■ **Data section**

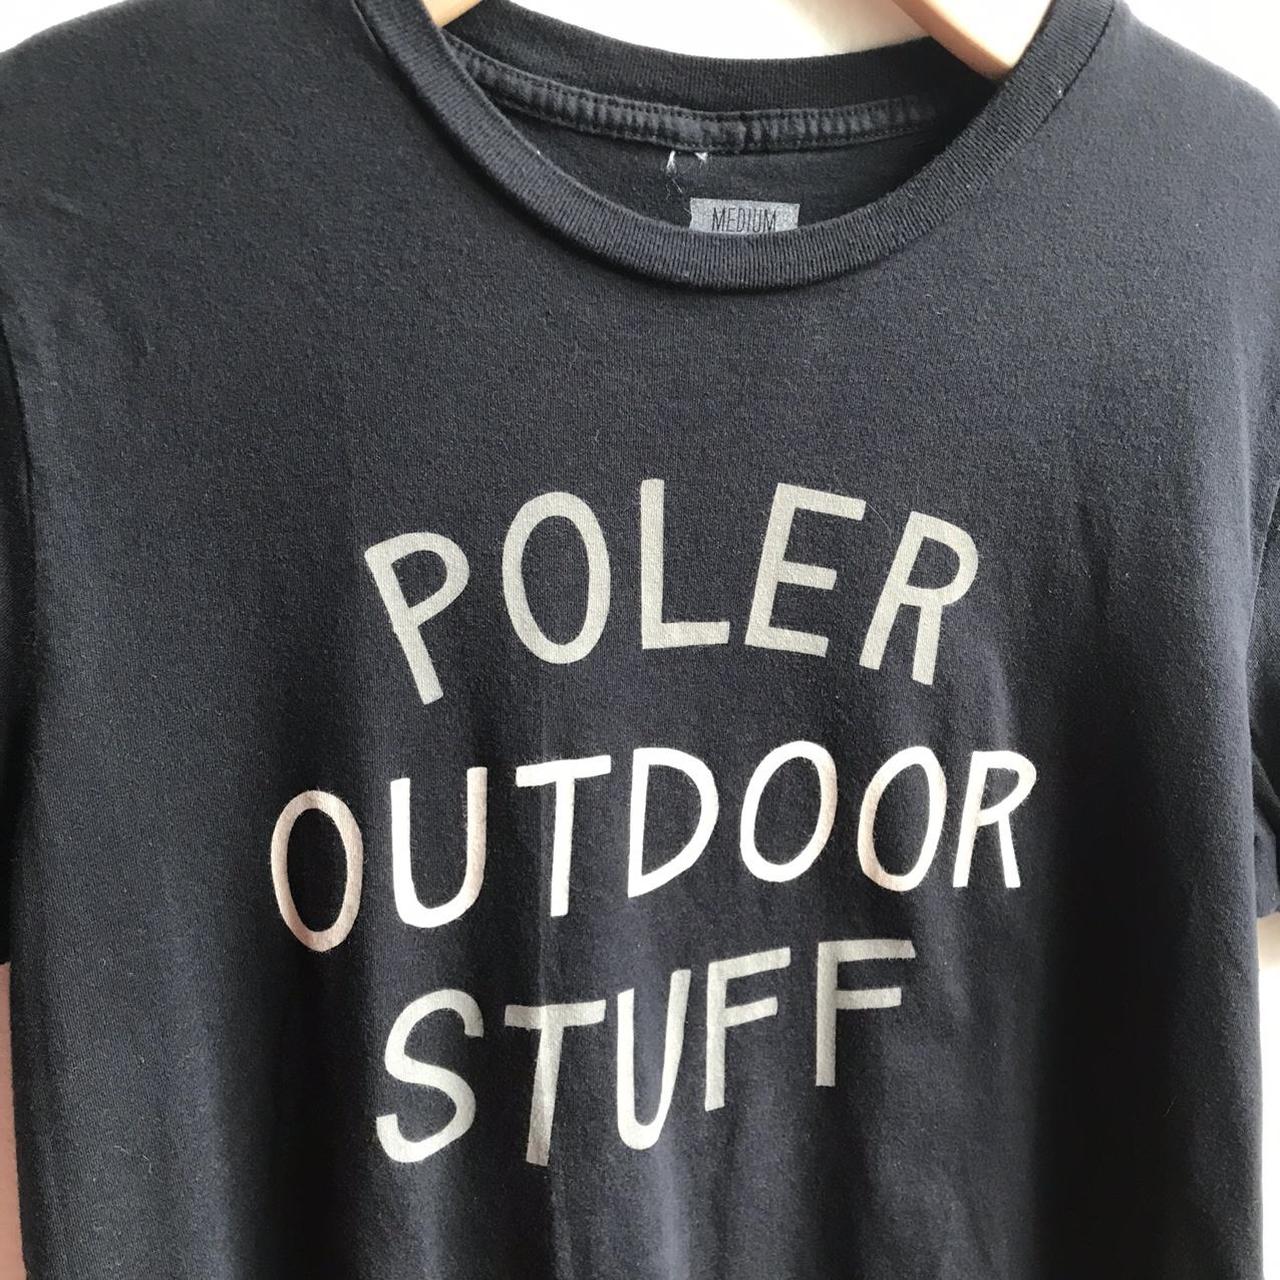 Product Image 2 - Poler Outdoor Stuff t-shirt
Size: Medium
Condition:
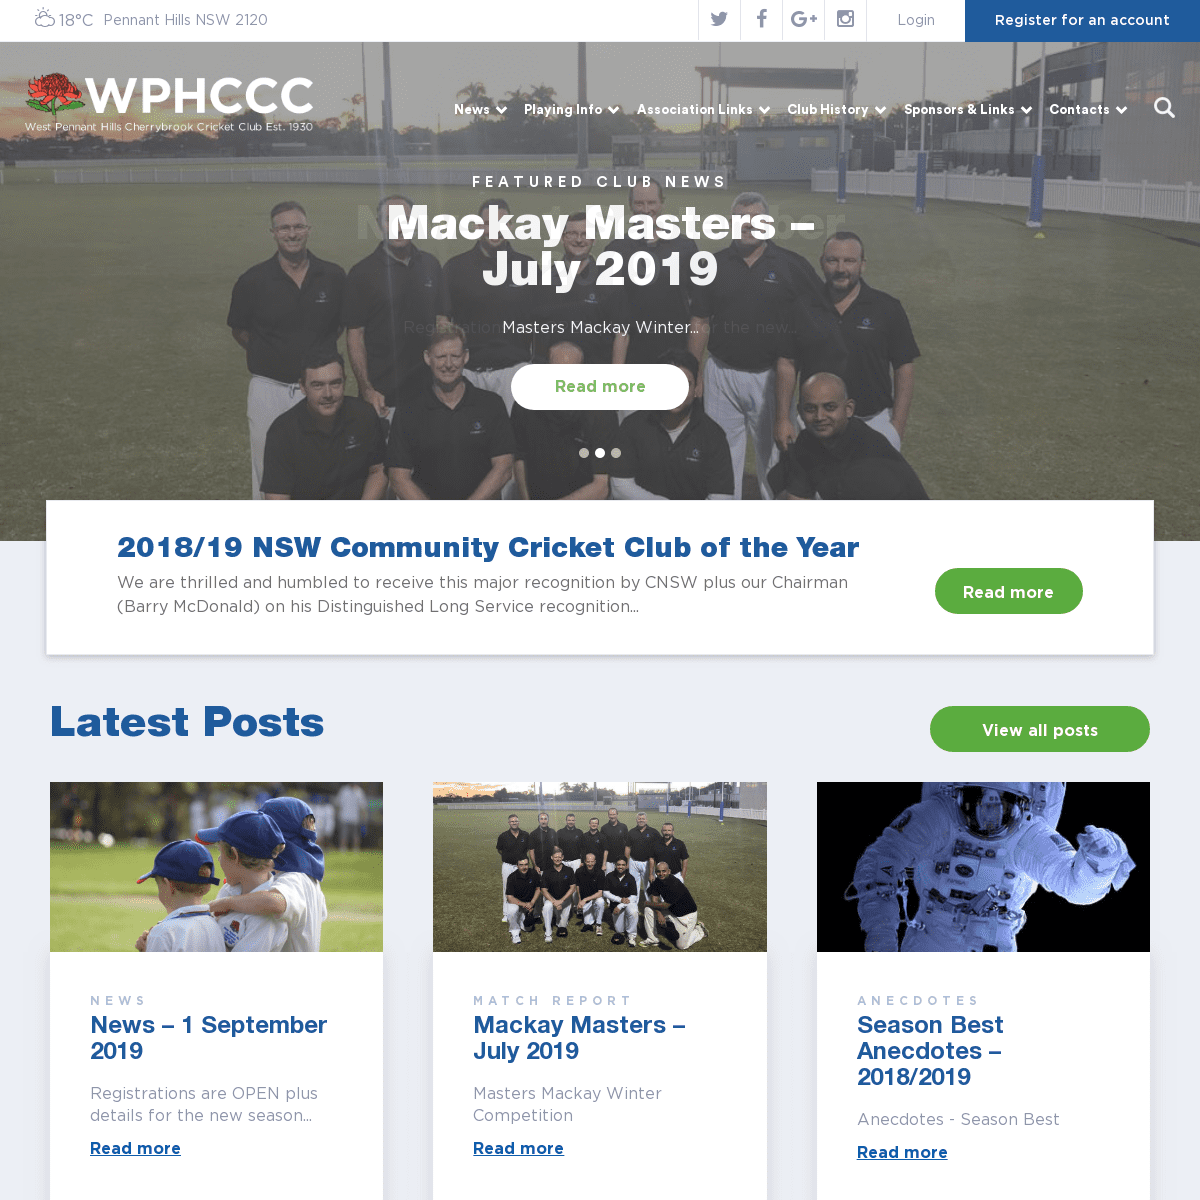 Homepage - WPHCCC

■ **The task**
Give back the full listing word for word, with the pictures left out.

■ **Task answer**
 Product Image 2 - Poler Outdoor Stuff t-shirt
Size: Medium
Condition:
 Homepage - WPHCCC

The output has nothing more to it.